I applied for a Spousal Visa. I am super nervous that they are going to deny my visa. My time line is July 5th I applied on line so im under old rules. July 10th my documents reached UKBA office in NY. THey opened my documents July 16th, and I upgraded on July 27th to priority. They emailed me two days later saying that they needed more documents. I sent them two binders worth of stuff.
Divorcee Decree
Change of Name Deed Poll
6 months bank statements from me and my wife
6 month bank statements from my wife's parents
and a bank book and savings from my wife's parents 
My wife's mortgage which is in her married name
passport photo
my wage slips
photos
emails
plane tickets
certified copy of my wife's pasport as well as my original passport
letters from my boss 
Letters from my wife's parents saying they will financially support us (they are retired and get pensions and own their own house which we sent their mortgage statement also)

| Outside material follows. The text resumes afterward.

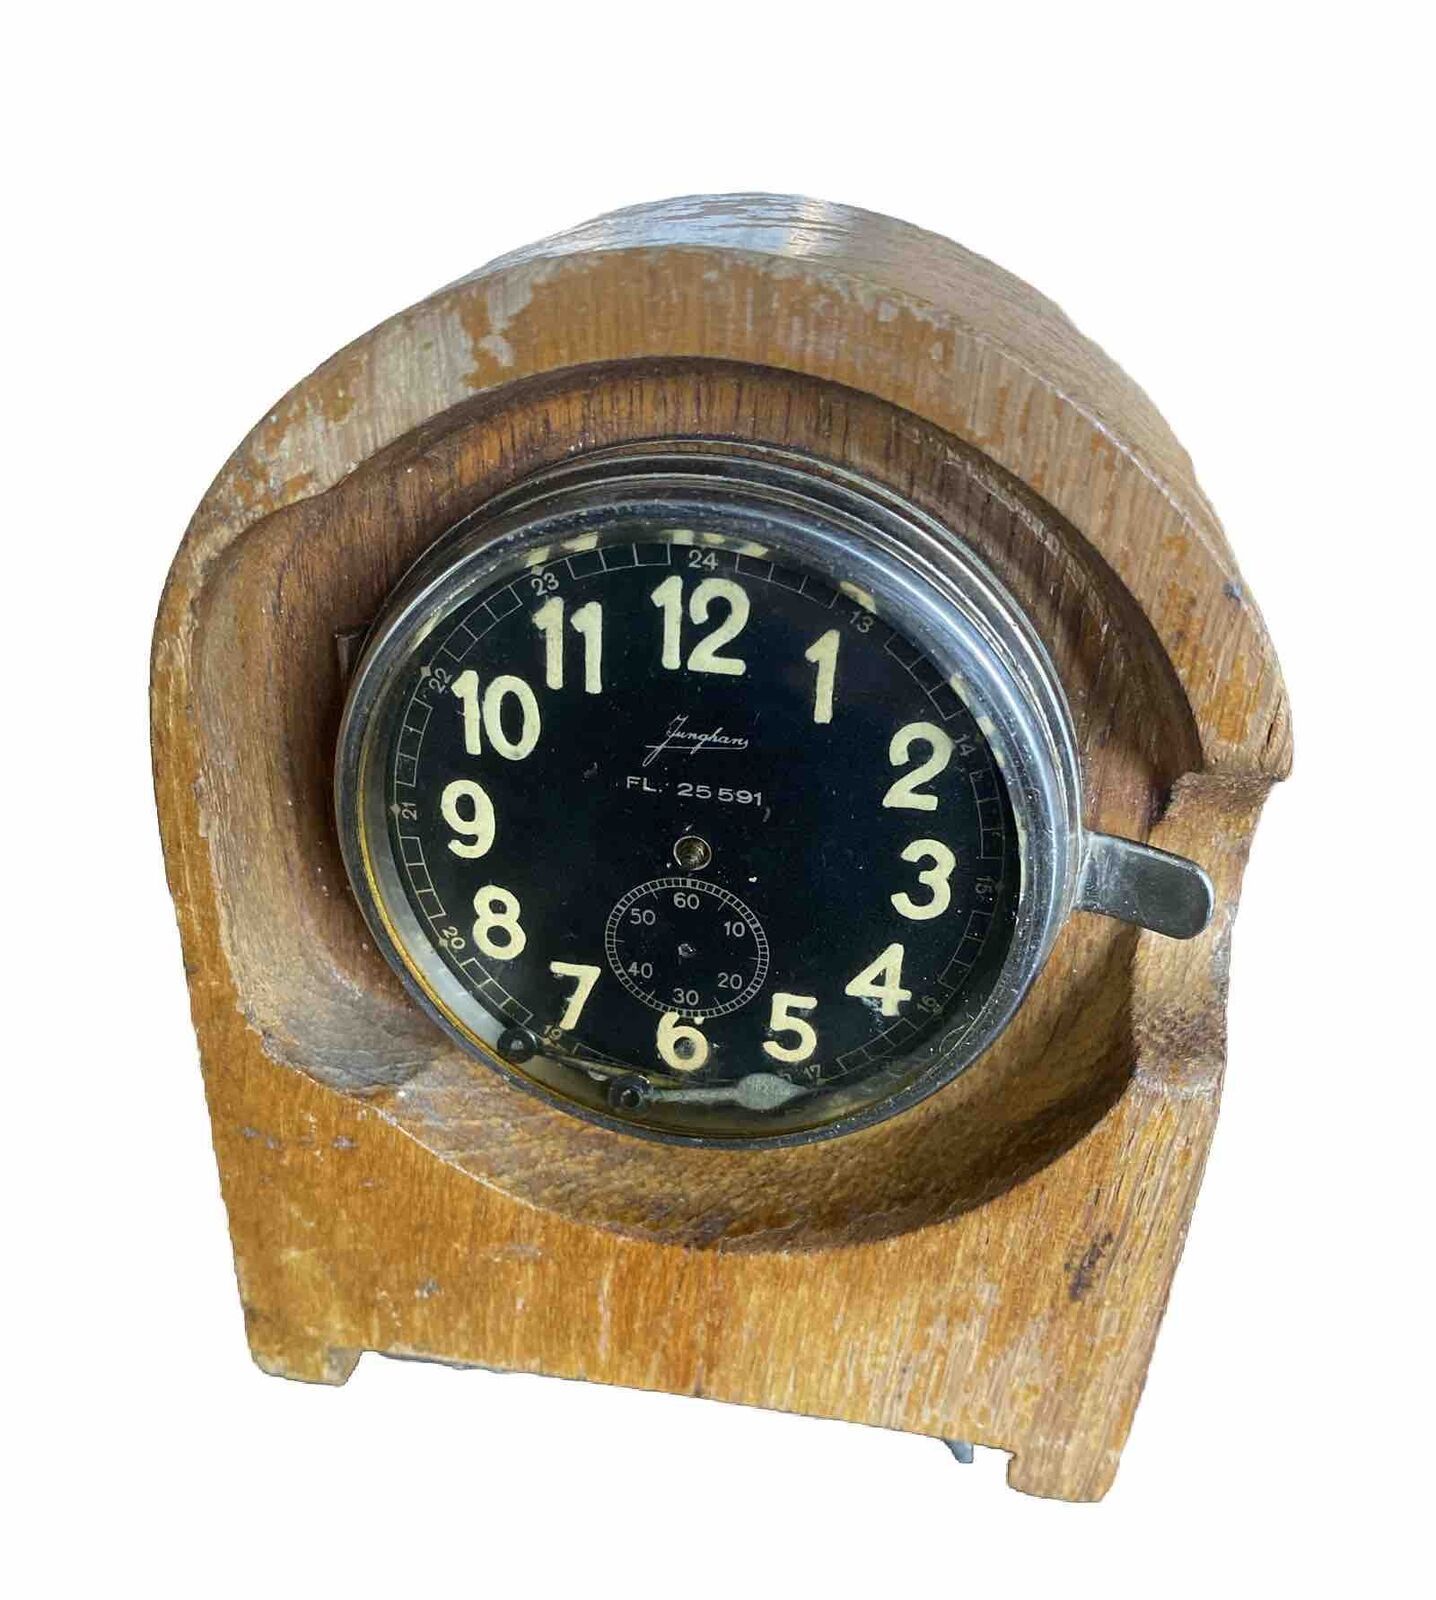 Luftwaffe Junghans WW2 aircraft duty clock FL25591  RARE 1937 Needs Restoration
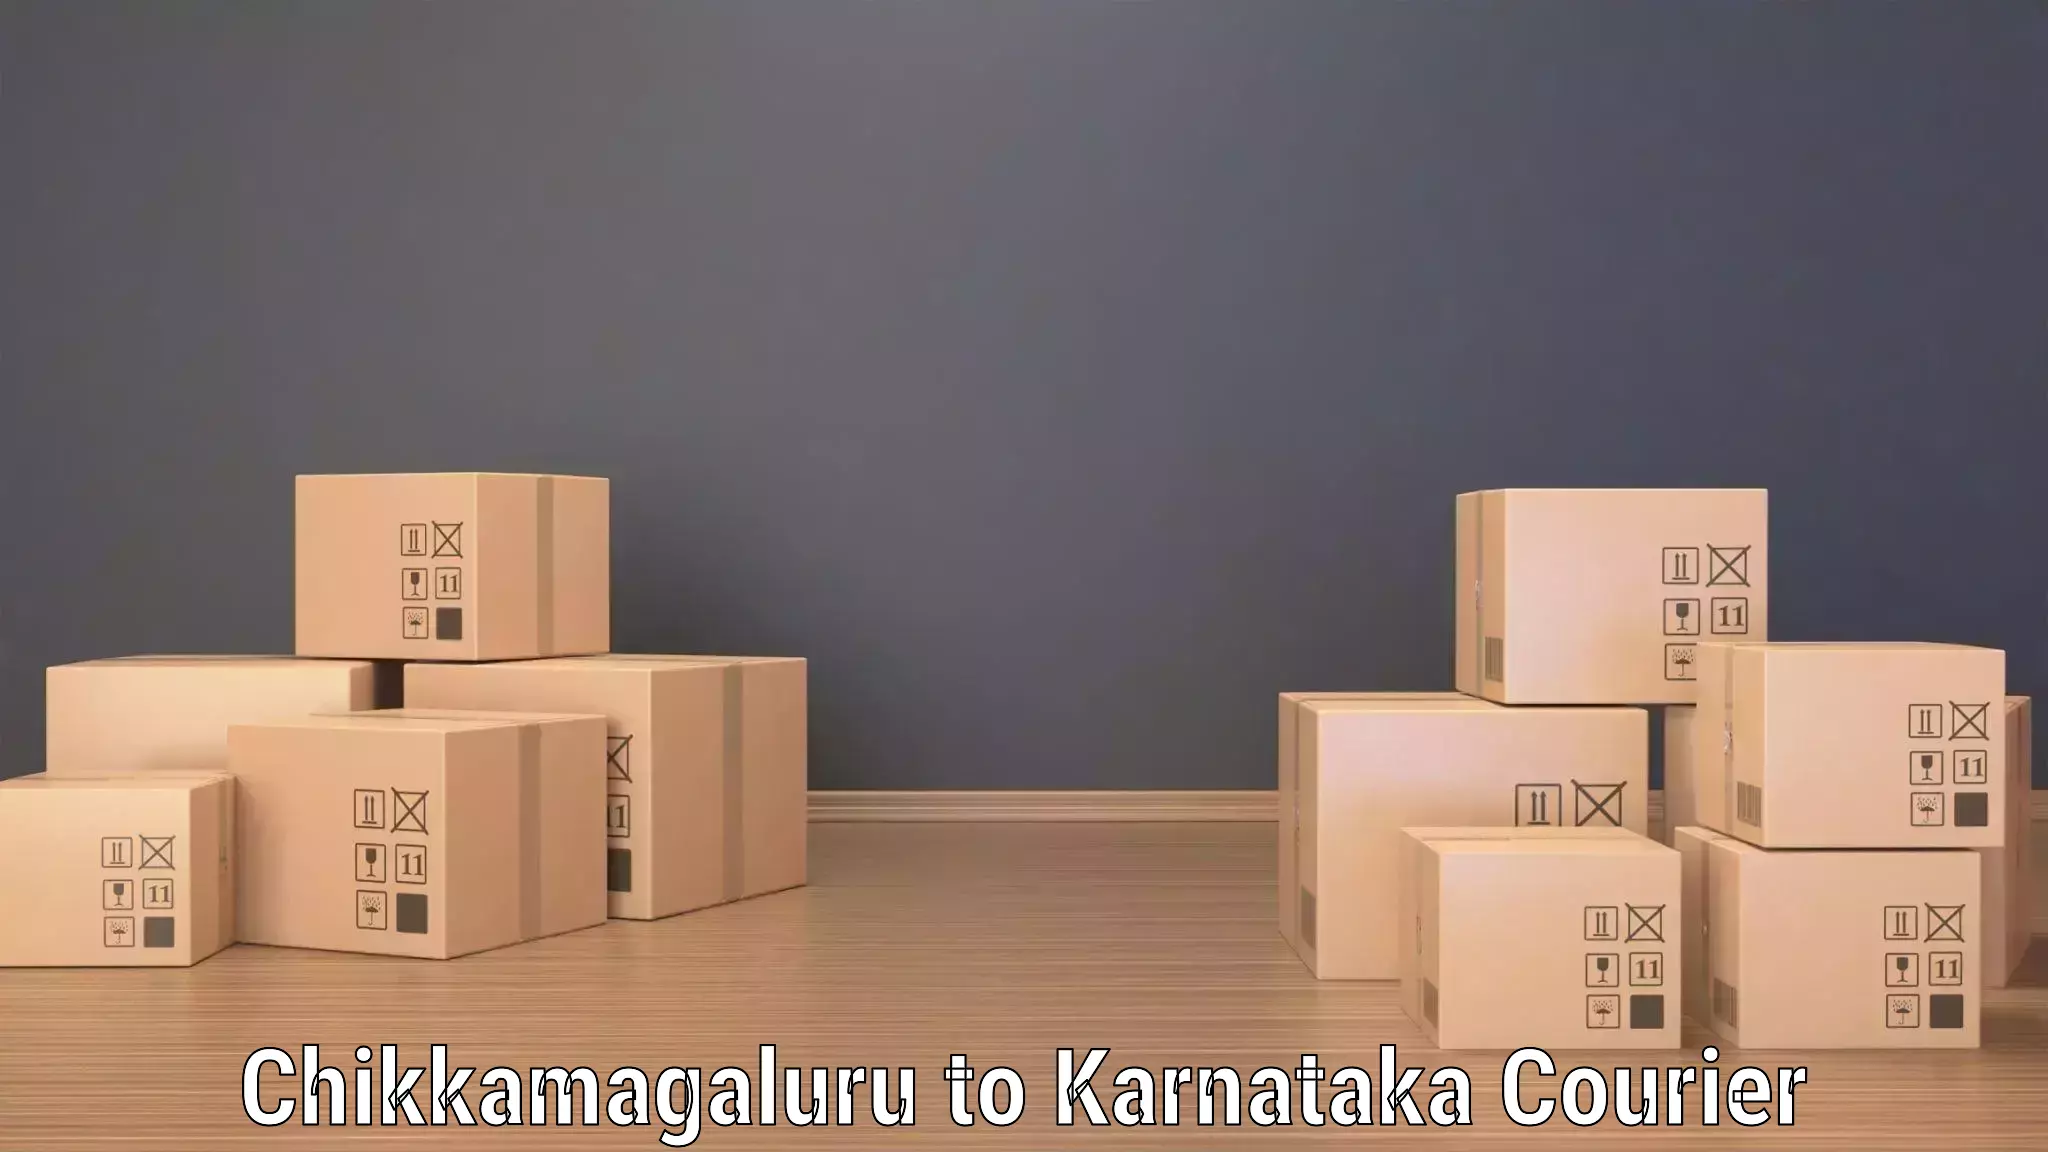 Express mail service Chikkamagaluru to Karnataka

They are asking for clarification because my wife's mortgage is under her old name but we sent the change of name form, they also want my wage slips which i have already supplied, they asked for information about my wife's finances..... she doesnt work because she has a special needs child.
she gets Child Maintence
child tax
carers allowance
Disability living allowance for her 12 year old son
and CSA money from her ex husband
all in all she gets £377 a week £1500 a month and £18000 a year.

we dont have savings as it cost me $6,000 for a fiance visa and lawyer and now a spousal visa and lawyer and visiting her 6 times in the past two years. I am nervous and wondering if anyone knows why they asked for more info and do they normally do that? Are my chances good of being denied or granted my visa? We have been together for two years and got married in UK with a fiance VIsa March 31st. Please anyone shed some light on this situation please!!! thank you - Judy


----------



## nyclon (Apr 3, 2011)

Have you asked your lawyer?


----------



## thisistheworm (Aug 2, 2012)

yes we but we emailed them and got no answer!


----------